В лучшей своей сказке, «Молчание», он изобразил проистекающий отсюда ужас, нестерпимую пытку, более острую, чем отчаяние, возникающую от сознанья того молчания, которым окружены мы навсегда. Дальше, за ним, за этим сознанием, начинается беспредельное царство смерти, фосфорический блеск разложения, ярость смерча, самумы, бешенство бурь, которые, свирепствуя извне, проникают и в людские обиталища, заставляя драпри шевелиться и двигаться змеиными движениями, — царство, полное сплина, страха и ужаса, искаженных призраков, глаз, расширенных от нестерпимости испуга, чудовищной бледности, чумных дыханий, кровавых пятен и белых цветов, застывших и еще более страшных, чем кровь.
Человек, носивший в своем сердце такую остроту и сложность, неизбежно должен был страдать глубоко и погибнуть трагически, как это и случилось в действительности.
Отдельные слова людей, соприкасавшихся с этим великим поэтом, характеризующие его как человека, находятся в полной гармонии с его поэзией.
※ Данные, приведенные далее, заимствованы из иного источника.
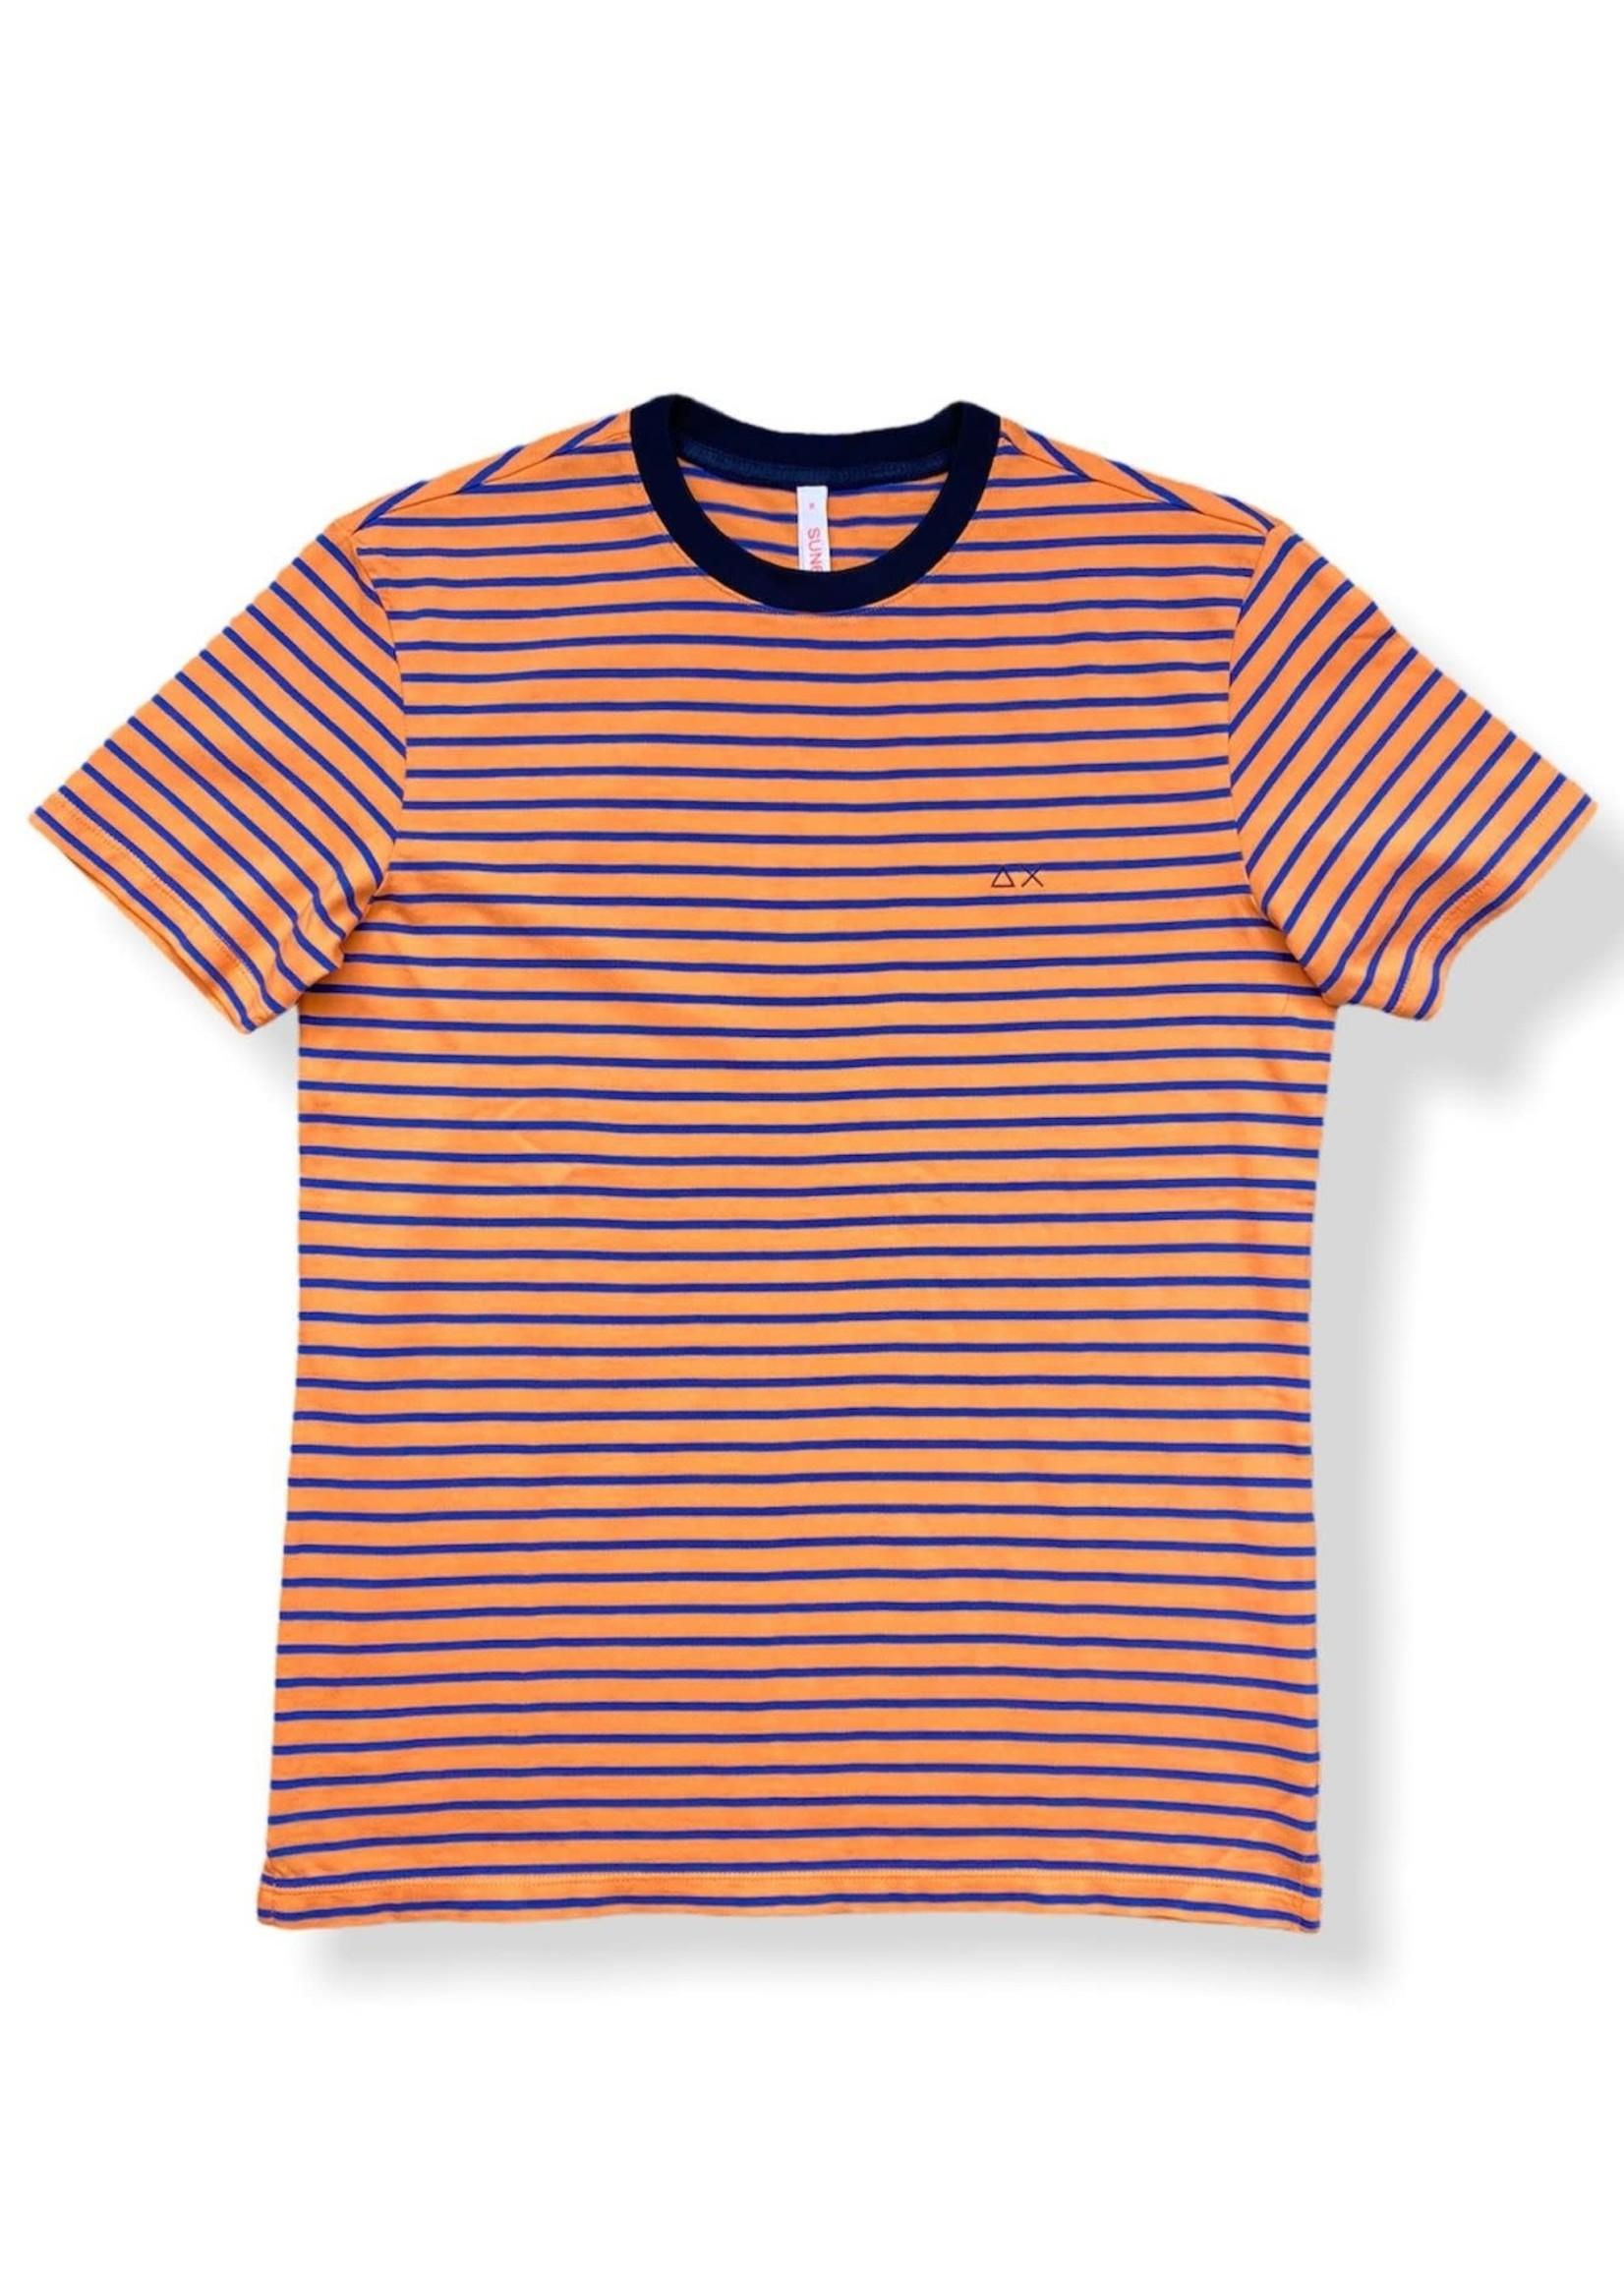 SUN68 T-Shirt Round Full Stripes   Orange/Bleu   SUN68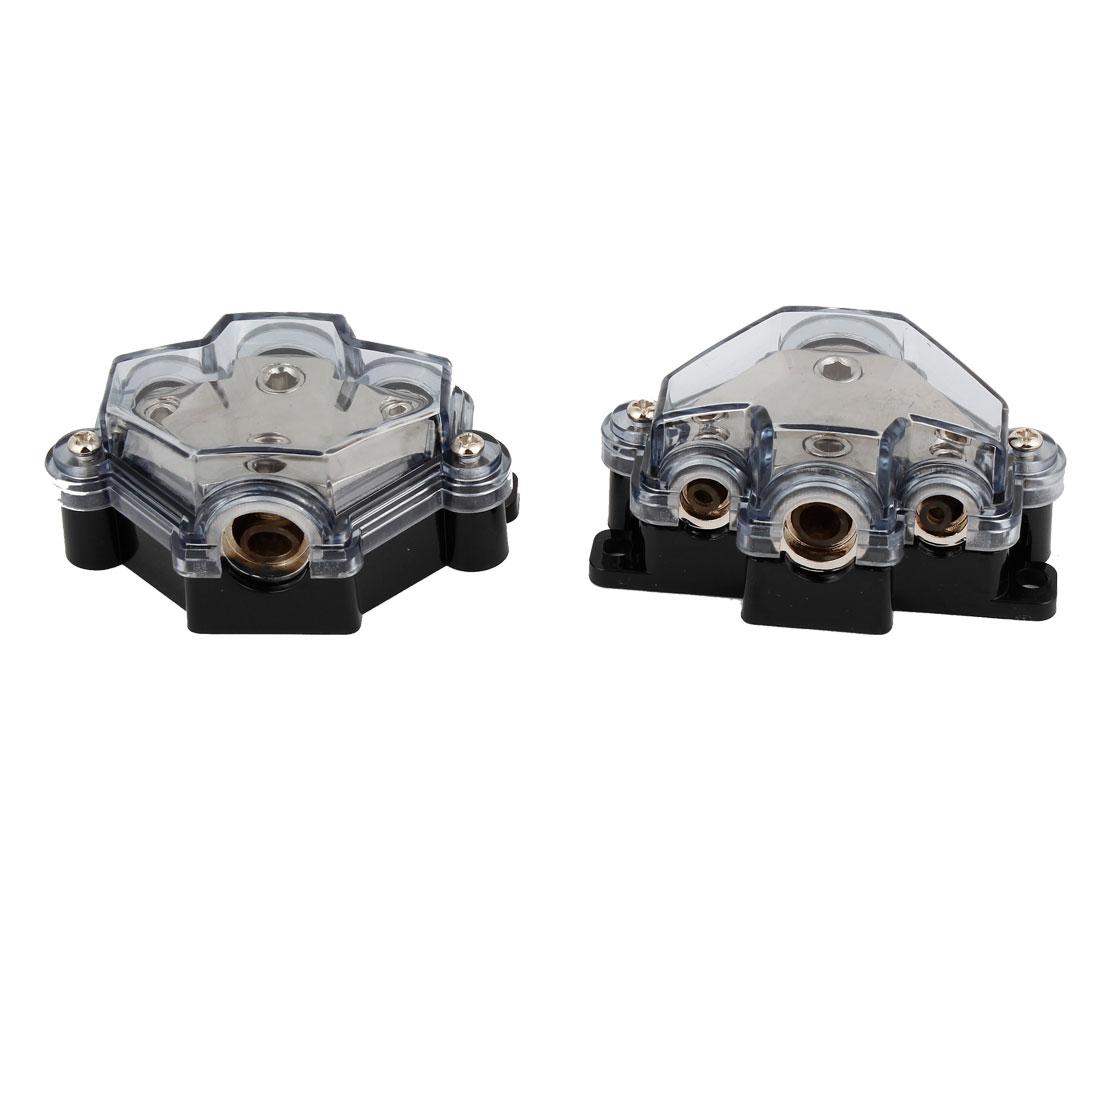 Black Gray Car Audio Amplifier 1 in 3 Power Distributor Block Fuse Holder

Он говорил тихим, сдержанным голосом. У него были женственные, но не изнеженные манеры. У него были изящные маленькие руки и красивый рот, искаженный горьким выражением. Его глаза пугали и приковывали, их окраска была изменчивой, то цвета морской волны, то цвета ночной фиалки. Он редко улыбался и не смеялся никогда. Он не мог смеяться, для него не было обманов. Как родственный ему Де-Куинси, он никогда не предполагал — он всегда знал. Как его собственный герой, капитан фантастического корабля, бегущего в полосе скрытого течения к Южному полюсу, он во имя открытия спешил к гибели, и хотя на лице у него было мало морщин, на нем лежала печать, указывающая на мириады лет.
Его поэзия, ближе всех других стоящая к нашей сложной и больной душе, есть воплощение царственного сознания, которое с ужасом глядит на обступившую его со всех сторон неизбежность дикого хаоса.